Autismo: Da dificuldade no contato visual à habilidade de montar brinquedos

O contato visual no autismo é uma das principais características a serem notadas por pais e pelas demais pessoas que convivem com a criança. Logo na primeira infância é possível observar esse aspecto. As mães, principalmente, podem notar esse sinal no momento em que alimentam seus filhos.

A hora de mamar é o momento mais íntimo entre mãe e filho. É a oportunidade em que a comunicação se dá pelo toque da mãozinha na mão da daquela pessoa que fornece o alimento e, também, pelo olhar.

Mas e quando o bebê não estabelece esse contato com você? É possível classificar tal atitude como autismo? O que fazer? Por que isso acontece? Meu filho não olha para as pessoas, mas monta quebra-cabeças e outros brinquedos com muita facilidade, isso é normal?

Bom, essas perguntas vivem tirando o sono das mamães de plantão e não é por acaso; afinal, o Transtorno do Espectro Autista (TEA) é algo sério e que precisa de acompanhamento. As duas situações reproduzidas no parágrafo anterior, embora não tenham relações estritamente diretas, são sinais frequentes em muitos casos de TEA. O contato visual no autismo e a habilidade de montar brinquedos são os focos deste artigo.

Por que as pessoas com autismo não olham nos olhos do interlocutor?

Primeiramente, é preciso deixar claro que essa atitude não está ligada a nenhum sentimento de menosprezo do pequeno, do jovem ou do adulto que convive com o TEA. A situação é mais complexa que parece e já existem estudos que comprovam.

Há alguns relatos que afirmam que o desvio do olhar por parte da pessoa que vive com autismo pode ser notado até mesmo quando o indivíduo vê o seu reflexo no espelho. Sim, isso mesmo. Há crianças que resistem até mesmo ao ato de encarar a própria imagem.
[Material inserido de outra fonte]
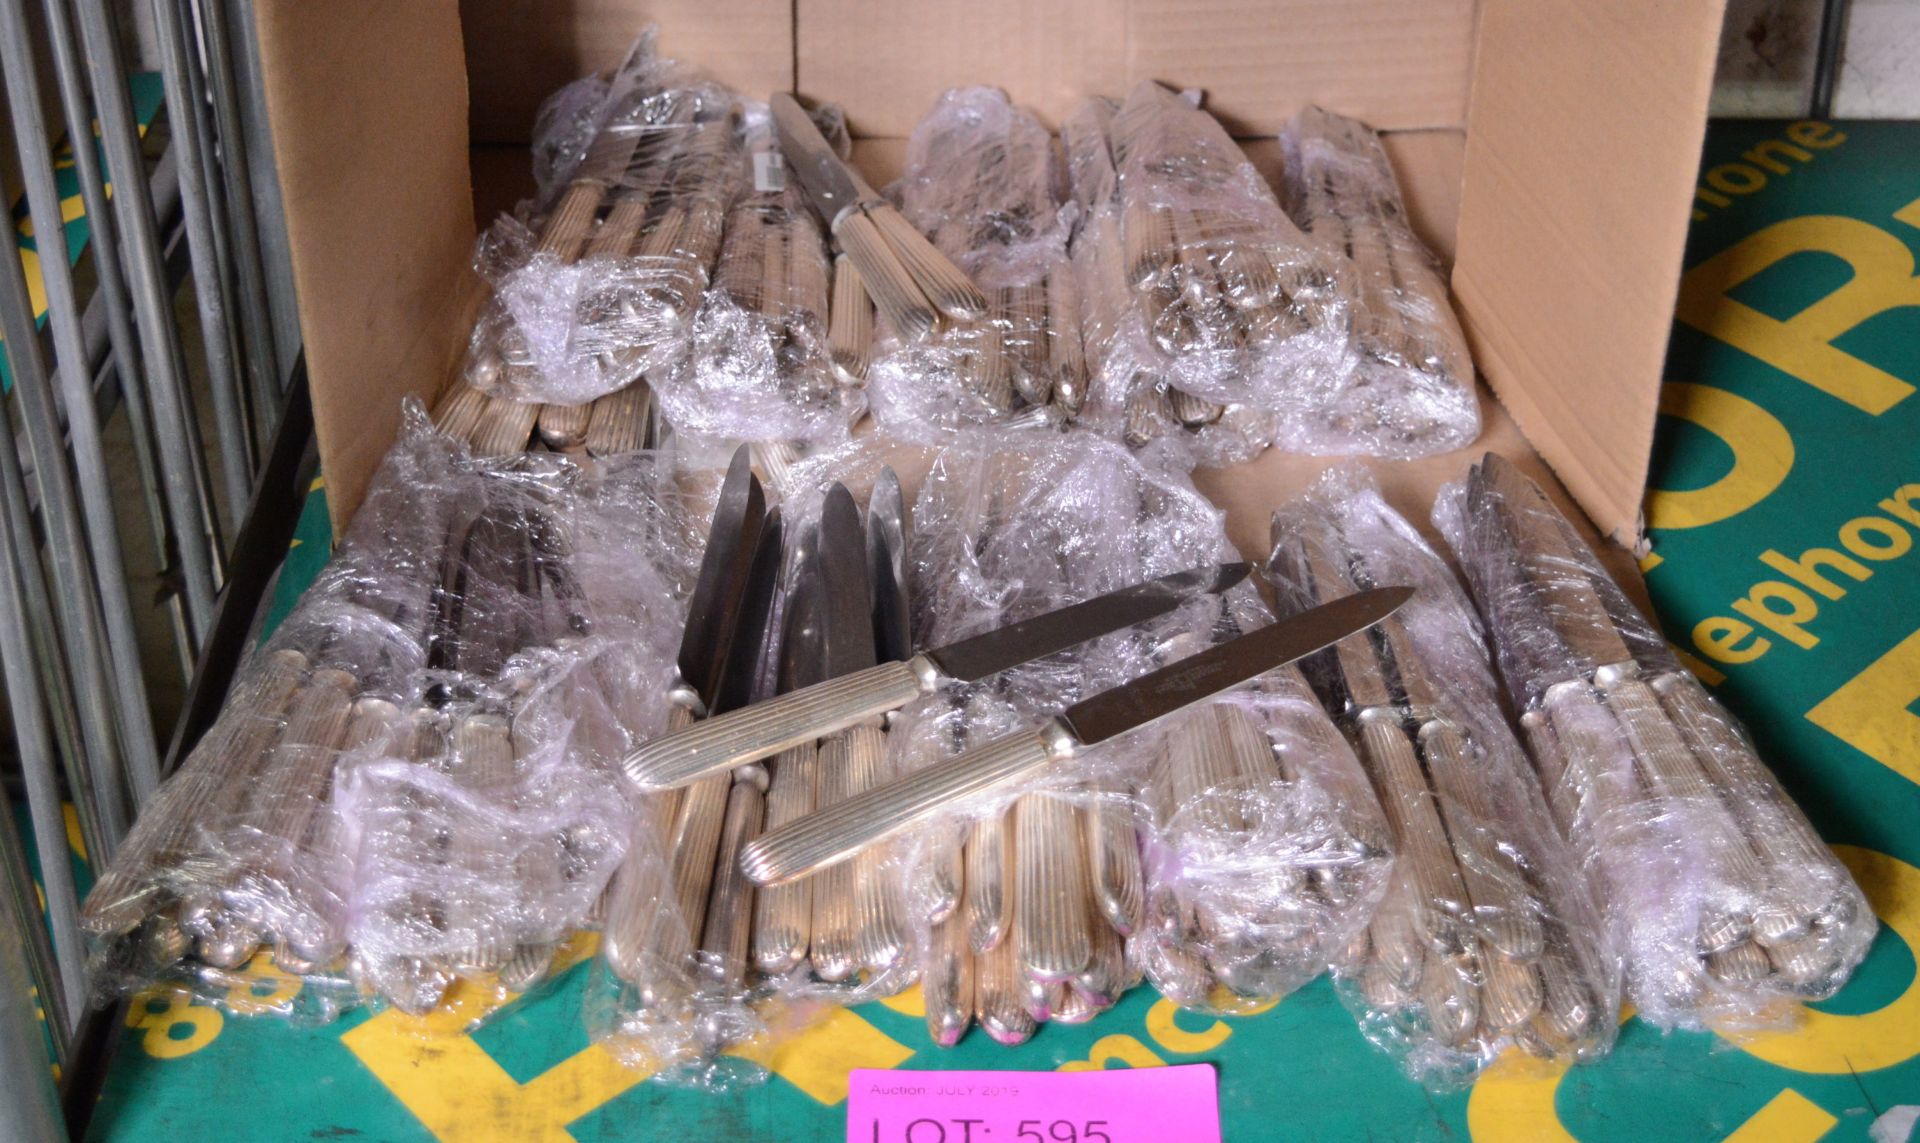 142x EPNS Dessert Knives - SALE TO OVER 18s ONLY.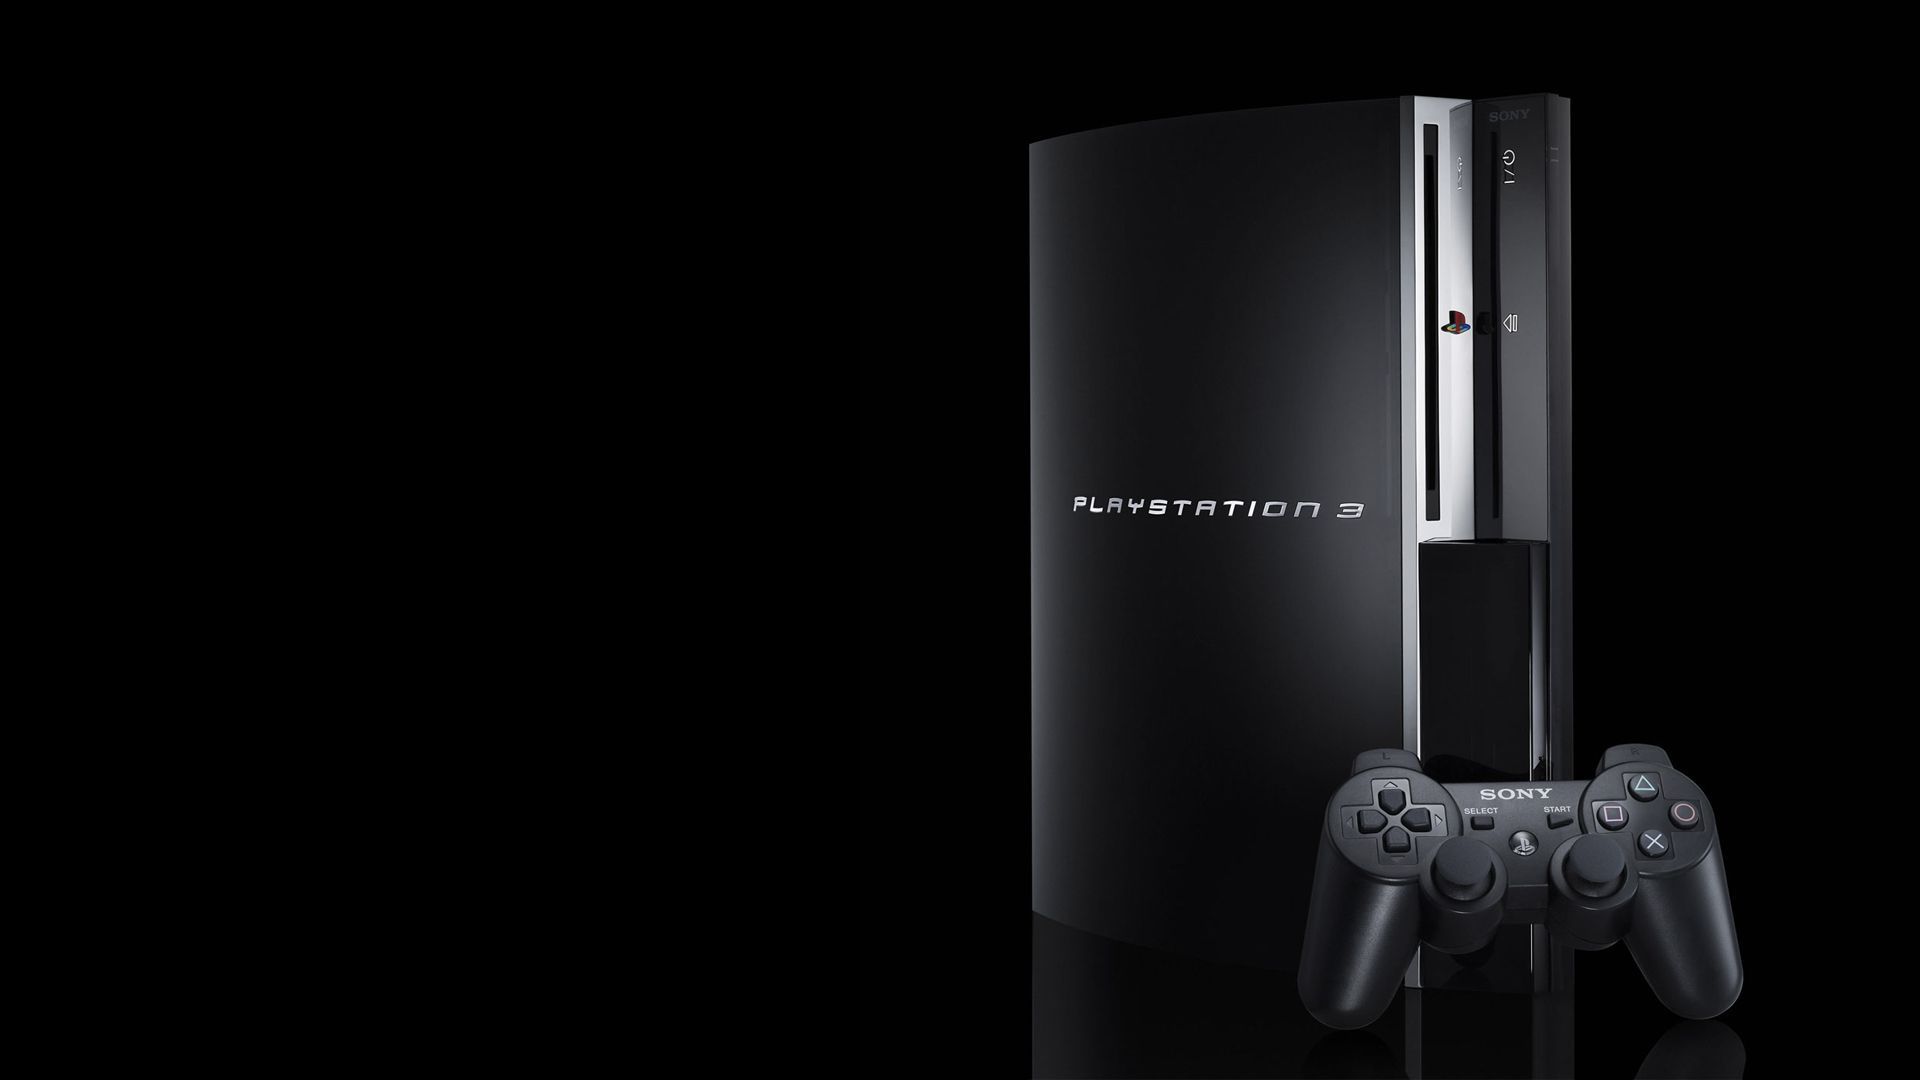 PS3 on Black Background Wallpaper

Os estudos constataram que tal comportamento é a forma que eles encontram para reduzir uma excitação excessiva, responsável por causar desconforto. Isso acontece porque quando os pequenos olham diretamente nos olhos de seu interlocutor, o cérebro passa a receber uma maior ativação de partes específicas de sua estrutura, como o sistema cerebral subcortical. Importante salientar que isso pode gerar estresse e agitação nos pequenos.

Há possibilidade de trabalhar o contato visual no autismo?

Sim, mas é preciso cautela. Cada criança precisa de intervenções que sejam adequadas para ela. Sendo assim, antes de pensar no que poderia ser bom para o pequeno, não deixe de consultar especialistas que podem dar as orientações necessárias. Os terapeutas, então, estabelecem o tratamento ideal para a demanda do paciente.

Importante reforçar que o pequeno com autismo nunca deve ser forçado a estabelecer contato visual, pois quanto mais ele for obrigado a tal comportamento, mais agitado pode ficar. Procure sempre um médico.

As crianças não estabelecem contato visual, mas montam brinquedos facilmente

Eis aí outra característica notada por pais e mães de pequenos diagnosticados com autismo. Se por um lado eles encontram dificuldades para estabelecer esse contato; por outro a situação é bem diferente.

Isso também é explicado por pesquisadores. Acontece o seguinte: ao montar um quebra-cabeça, por exemplo, as crianças que convivem com TEA não se prendem tanto no sentido a ser representado por cada peça do brinquedo. Para elas, reproduzir o que está posto ali não é tão importante do que seguir uma lógica de linhas, cores e formas das peças para colocar tudo de acordo com sua concepção.

Por conta disso, eles são tão ágeis para montar um quebra-cabeça ou um brinquedo grande que contenha várias peças. No entanto, vale lembrar que embora muitas pessoas com autismo demonstrem essa habilidade, essa ‘facilidade’ não ocorre com todo mundo. Entretanto, pode haver outros talentos a serem observados nessas crianças e jovens. Mais uma vez a conversa com o terapeuta é bastante necessária.